• WORK TO BE COMPLETED
A word-for-word copy of the listing is what's needed; leave out every image.

• GIVEN MATERIAL

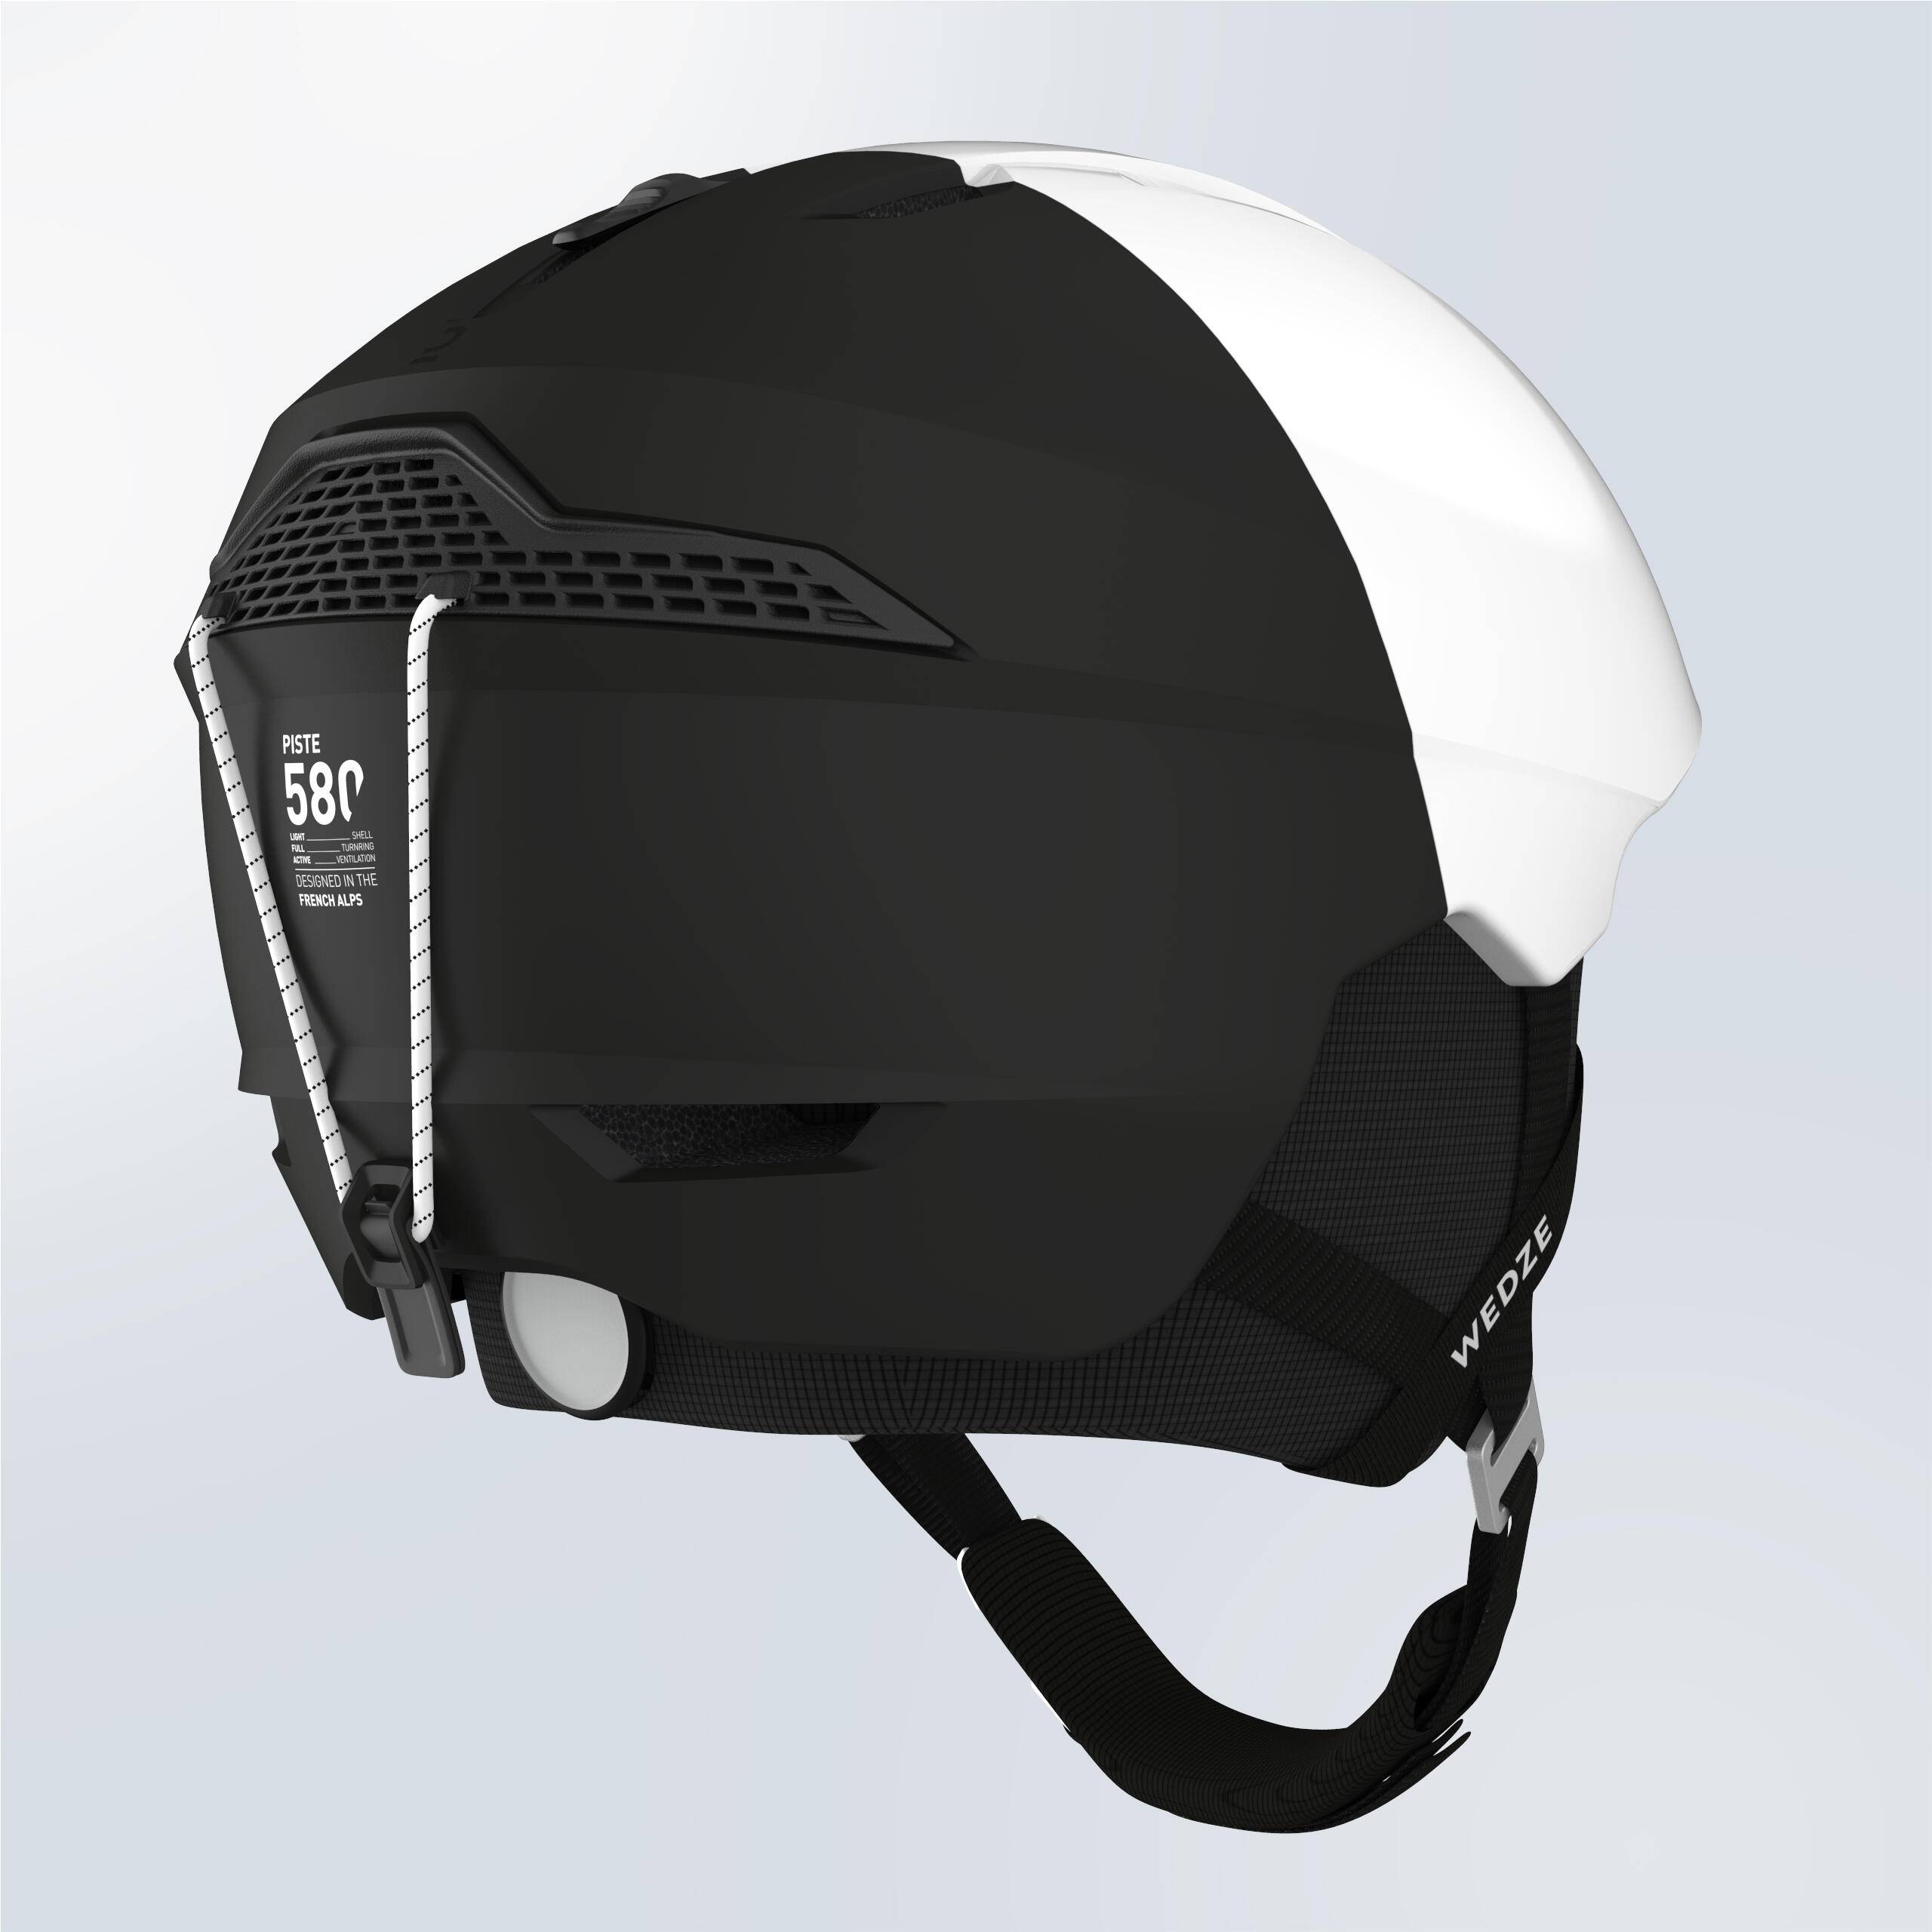 Adult Ski Helmet - PST 580 - Black and white 6/9
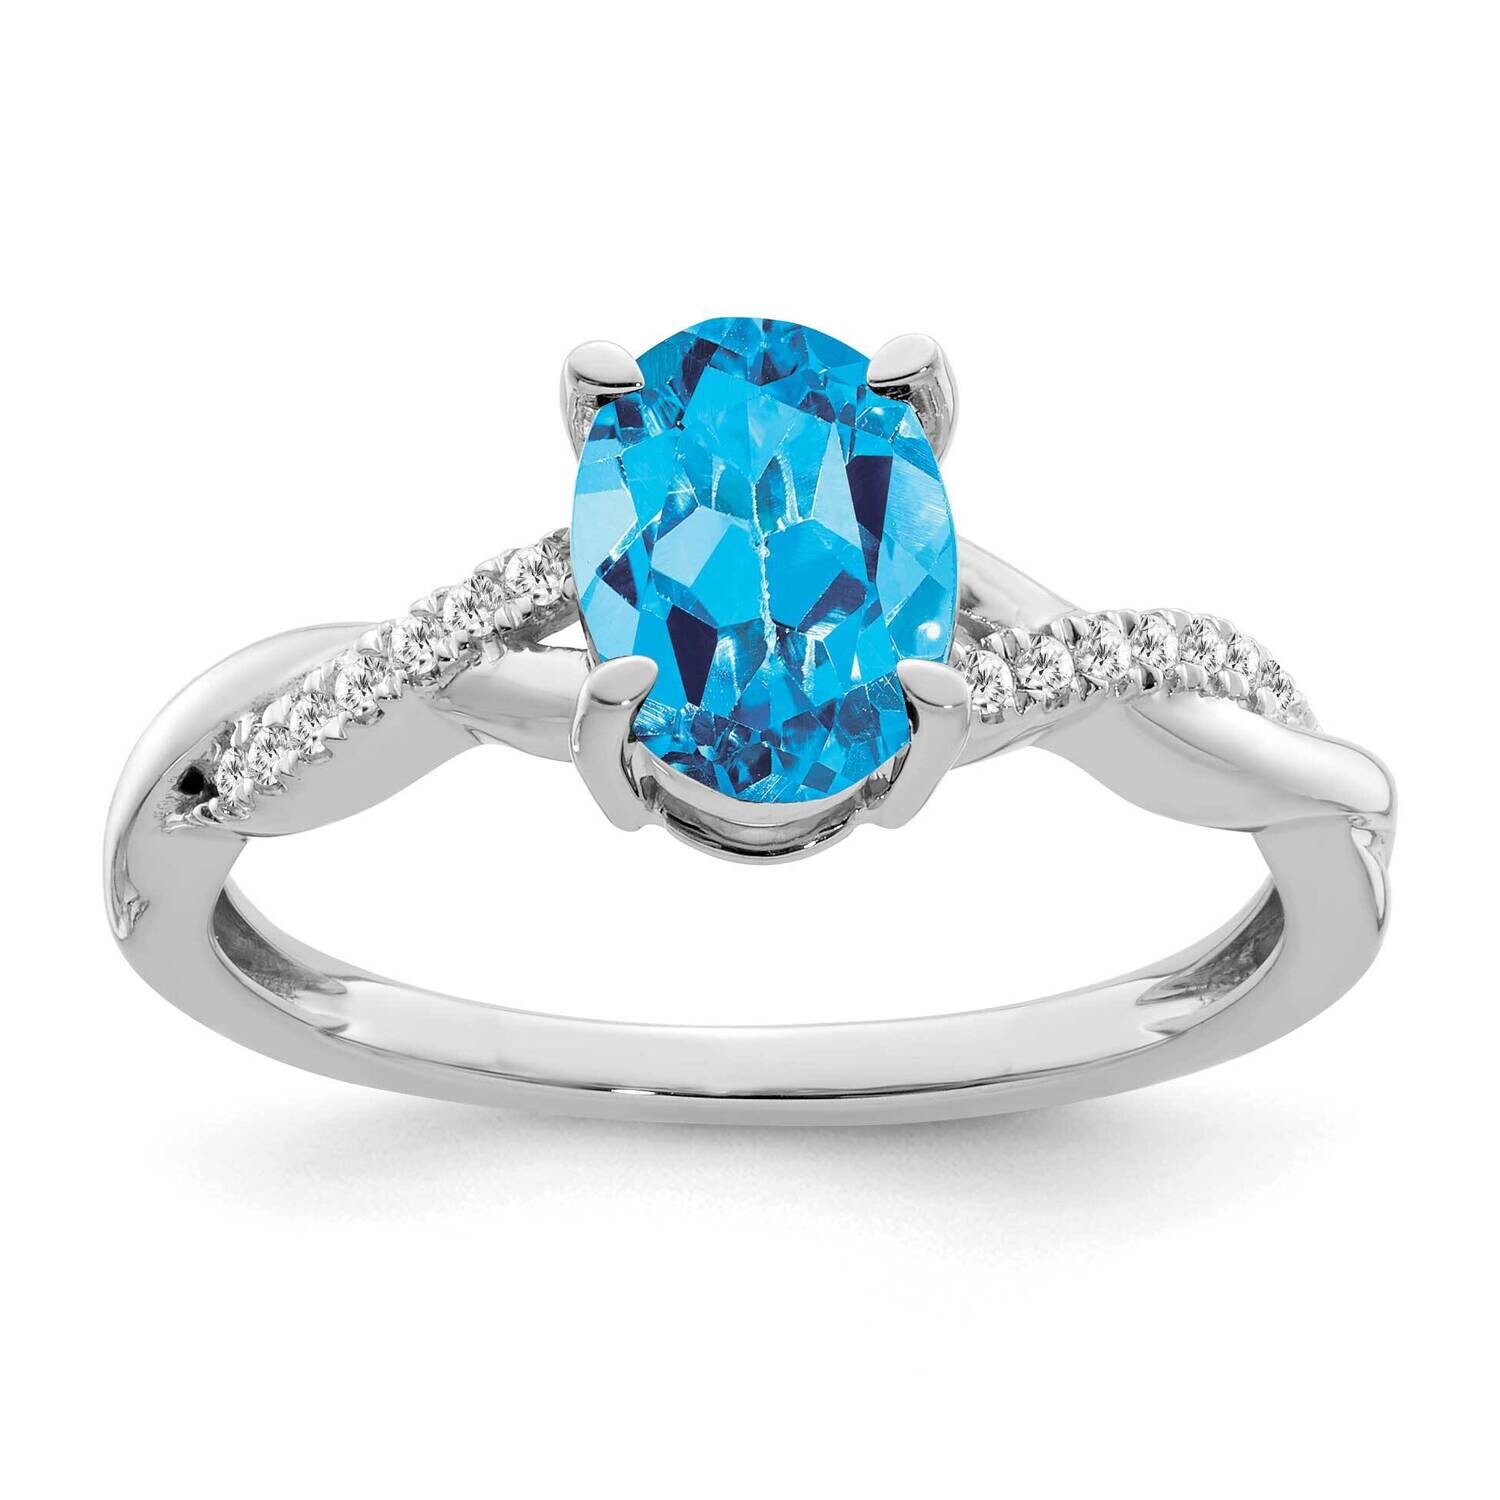 Oval Blue Topaz Diamond Ring 14k White Gold RM4235-BT-007-WA
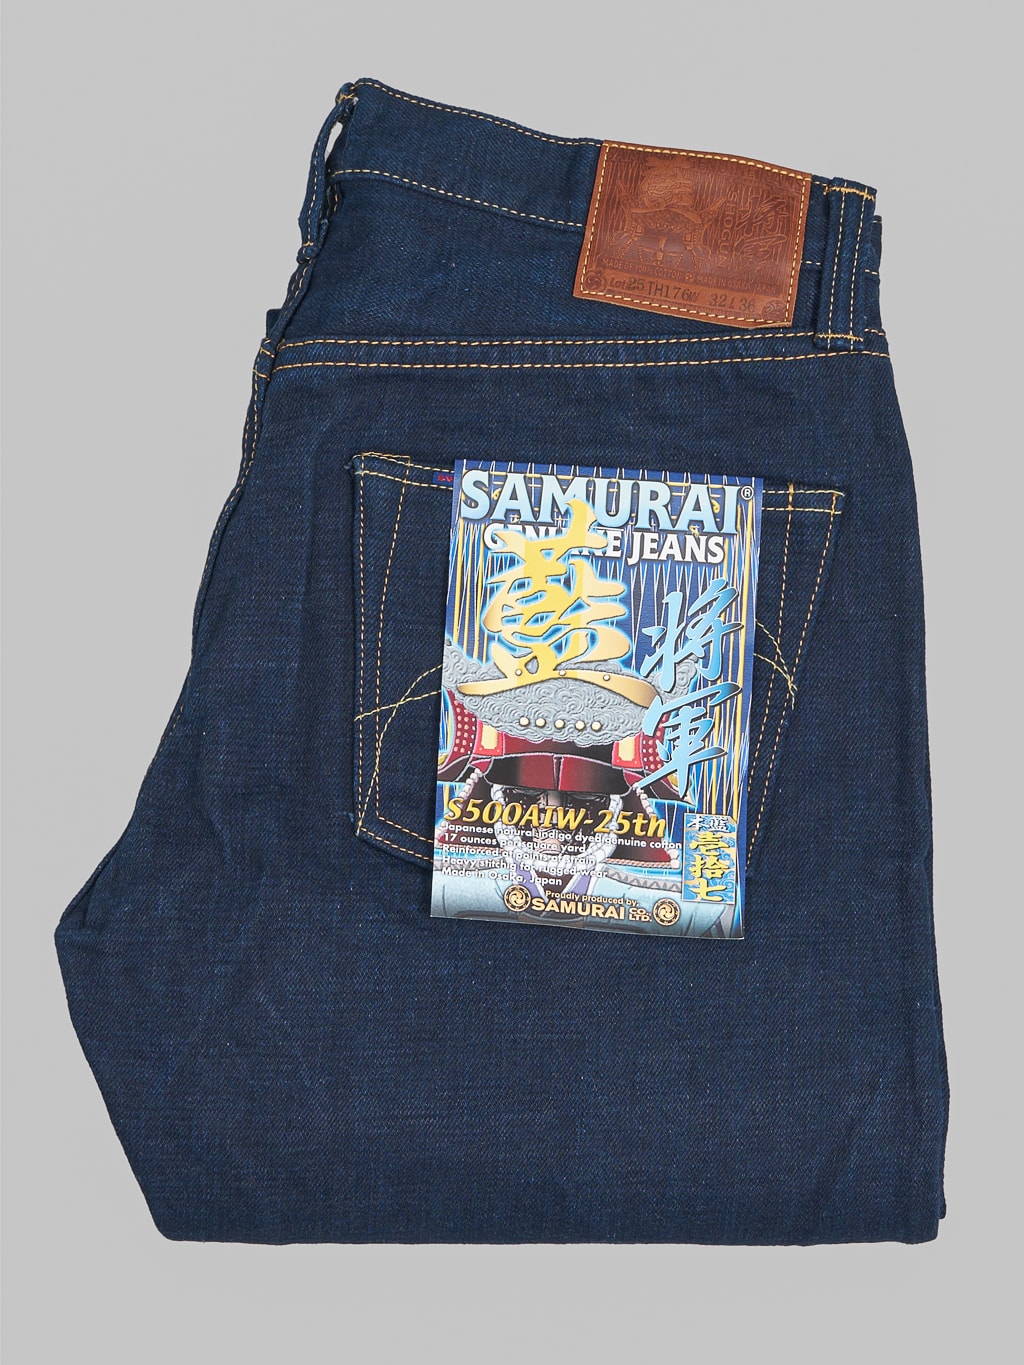 Samurai Jeans S500AIW-25TH

• RESPONSE TO THIS TASK
 Adult Ski Helmet - PST 580 - Black and white 6/9
 Oval Blue Topaz Diamond Ring 14k White Gold RM4235-BT-007-WA
 Samurai Jeans S500AIW-25TH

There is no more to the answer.